We didn't really talk about the troll incident since we had a match against Slytherin coming up and I more or less refused to admit the details. Oliver had learned as much as he needed to know from Harry, so he stopped his requests, and eventually all the rest of my friends gave up as well. I was in quidditch-mode, and I wasn't coming out of it until we won. And neither was my best friend, who was the only one the rest of them were close to who even knew about the incident.
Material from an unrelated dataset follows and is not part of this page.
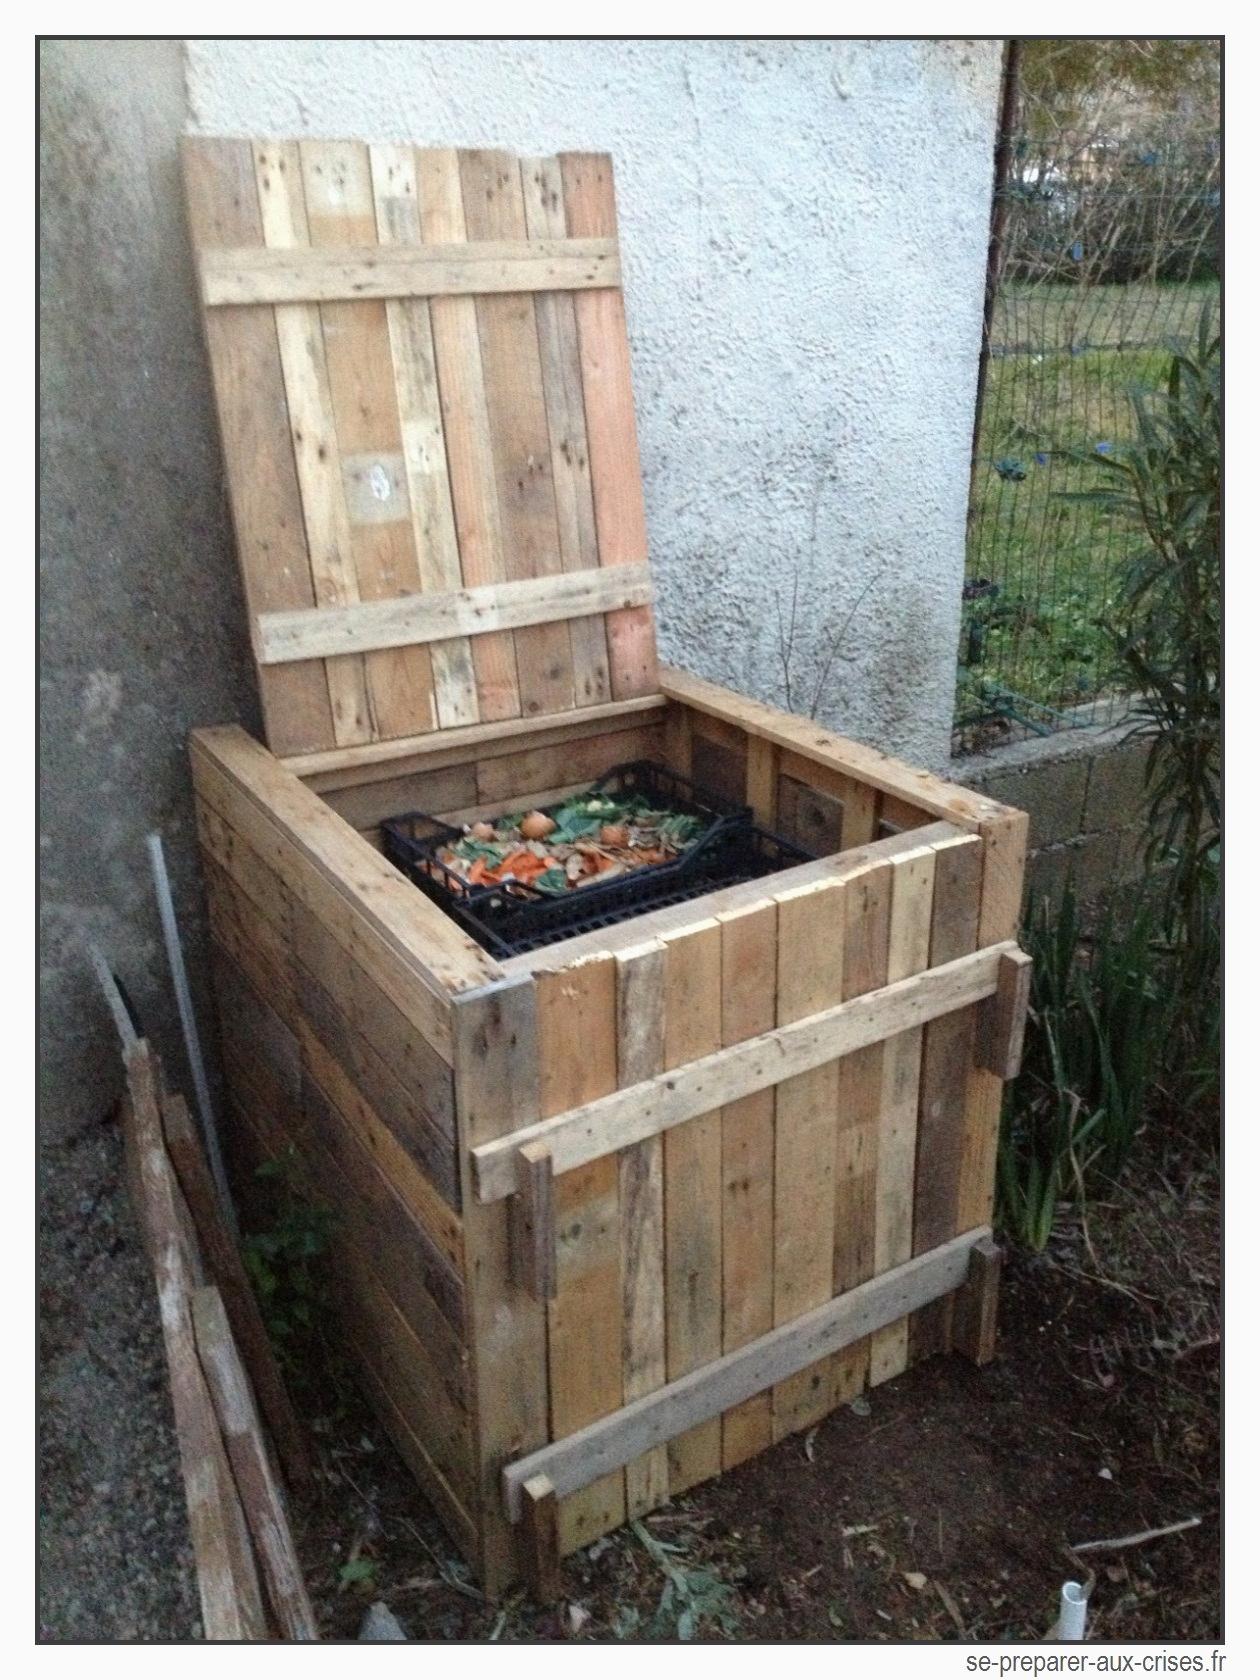 Créer Des Bacs De Jardin Avec Des Palettes Archaicawful ... intérieur Créer Des Bacs De Jardin Avec Des Palettes
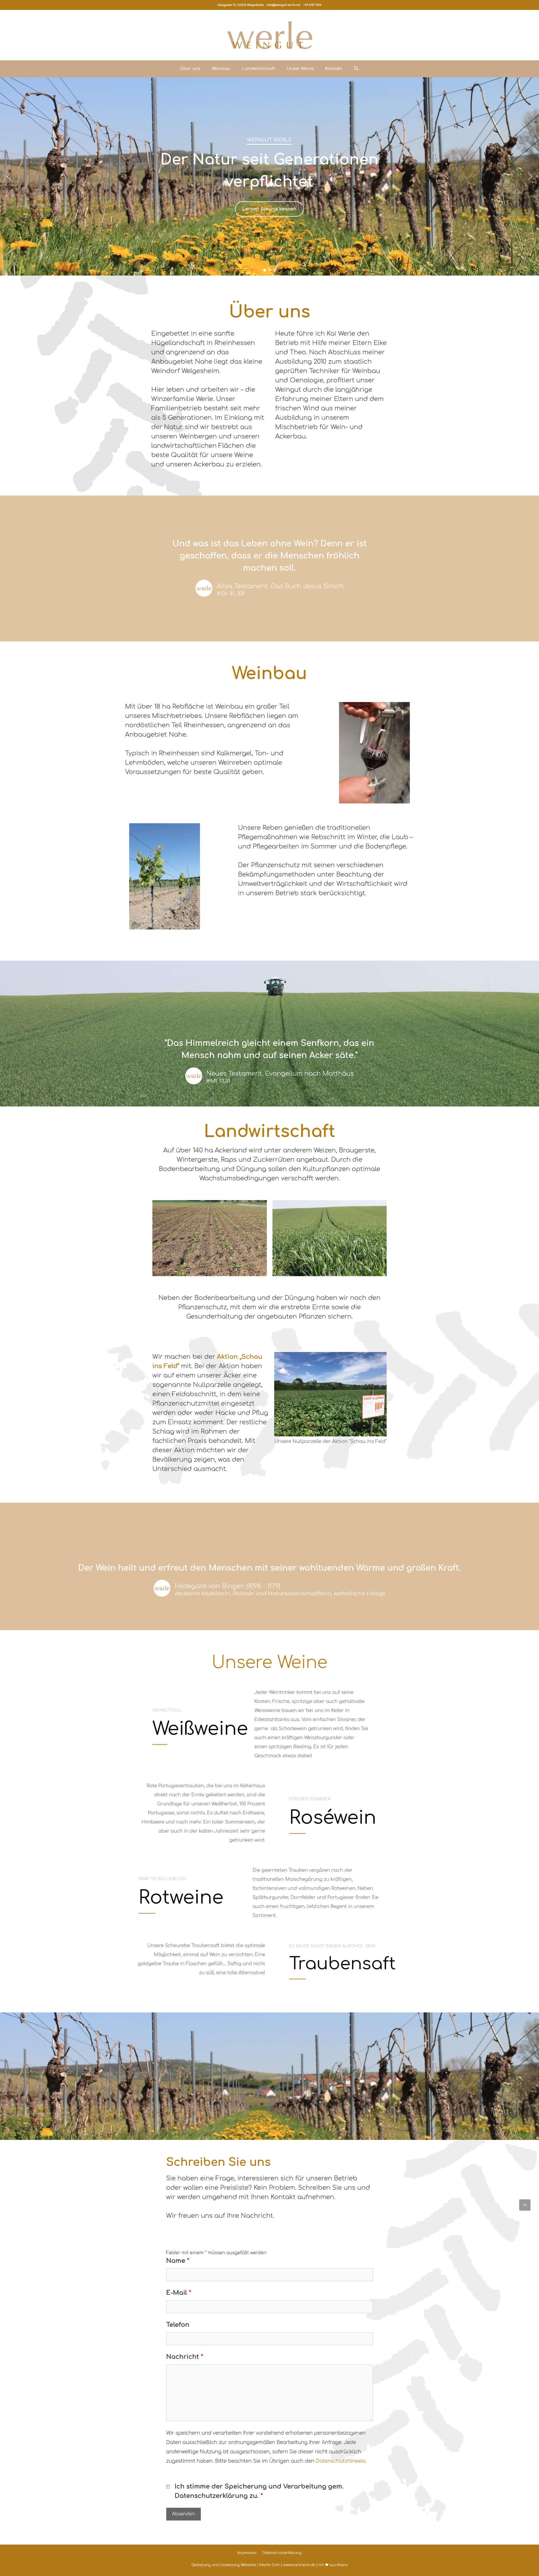 weingut-werle.net - Screenshot der Webseite 2019

My professors all knew me and Oliver well enough to understand that with the upcoming match against Slytherin we wouldn't be turning in any work any time soon. It was usually around this time that my grades began to drop, but I would make up for it later. They had already offered us extensions on our essays as long as we turned it in the Sunday after the match. All except for Snape, but after insistence from Minnie, he promised to only knock off a couple points for turning our essays on the Draught of Living Death in late.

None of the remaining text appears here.